The computer scientists in the Photogrammetry Laboratory at the Institute for Geodesy and Geoinformation at the University of Bonn are currently developing a novel system: using cameras on an all-terrain robot vehicle or even a tractor add-on, unwanted wild weeds should be automatically identified in the various crops and combatted in a targeted way. “The robot shoots the leaves of the unwanted plants with short laser pulses, which causes a weakening in their vitality,” reports Dr. Pastrana. “It is thus predicted that we will no longer need to use herbicides on our fields and the environment will be protected,” adds Wigbels.

Before forming the start-up, Dr. Pastrana worked in robotics and researched automated image interpretation techniques with Prof. Cyrill Stachniss from the Institute of Geodesy and Geoinformation at the University of Bonn. Dr. Pastrana completed his doctorate on the detection and classification of weeds with the aid of statistical models at Leibniz Universität Hannover and built an earlier version of the robot there with a colleague. Wigbels studied Computer Engineering at RWTH Aachen University and then worked in software development within a company.

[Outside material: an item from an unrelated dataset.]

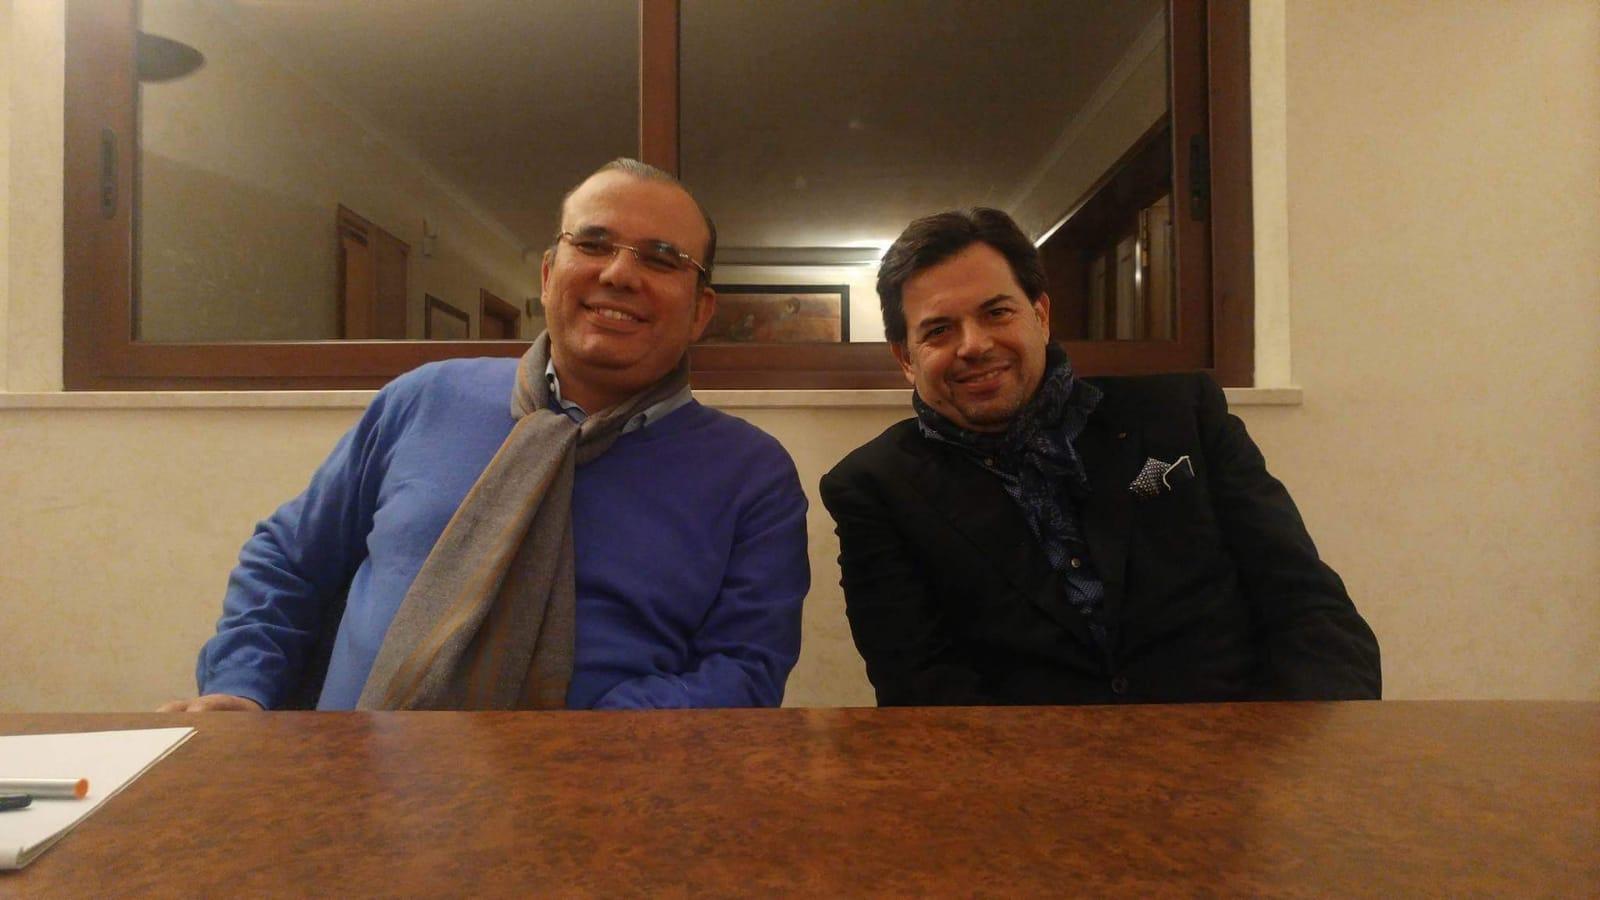 Foto di Beppe Picciolo e Fabio D'Amore, nota diffusa dopo le politiche 2018

The researchers are now pushing forward their start-up “Escarda Technologies” for one year at the University of Bonn with an EXIST grant from the Federal Ministry for Economic Affairs and Energy. “It is now a case of finding investors and further developing the business plan for the start-up,” says Wigbels. The researchers are also using the funding from the Ministry to buy the parts needed to construct a prototype.

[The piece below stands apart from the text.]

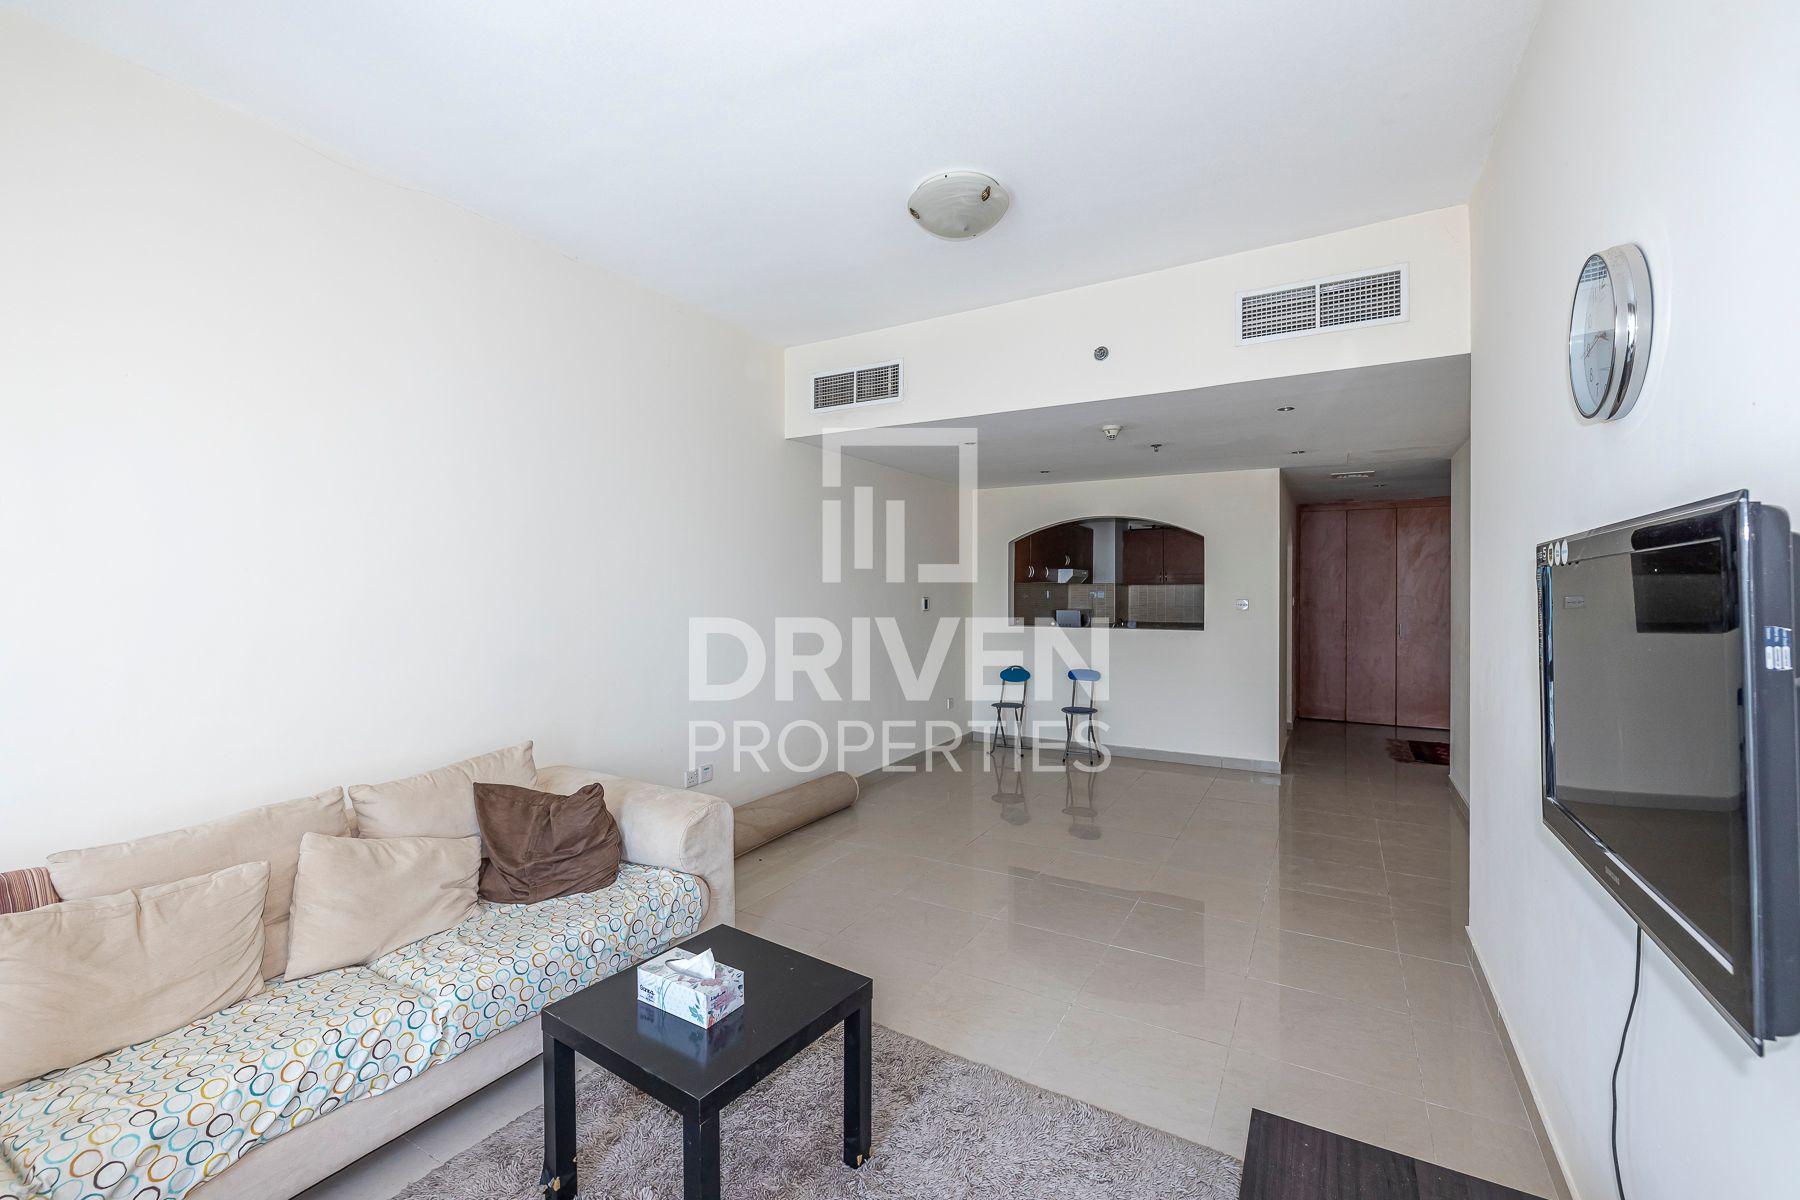 900 قدم مربع  شقة - للبيع - أبراج بحيرة الجميرا

Diverse support from the University of Bonn

Prof. Stachniss is supporting the start-up in various ways: Pastrana and Wigbels can thus use laboratories at the institution and consult with colleagues there. What’s more, Rüdiger Wolf from Technology Transfer at the University of Bonn helped the start-up to submit the application for the EXIST funding. “The advice was very helpful,” says Dr. Pastrana, delighted. Both scientists would also like to participate in the start-up round tables organized by Technology Transfer in order to benefit from the experience of other start-ups. The EXIST grant also enables them to attend training programs to prepare them for the challenges of independence.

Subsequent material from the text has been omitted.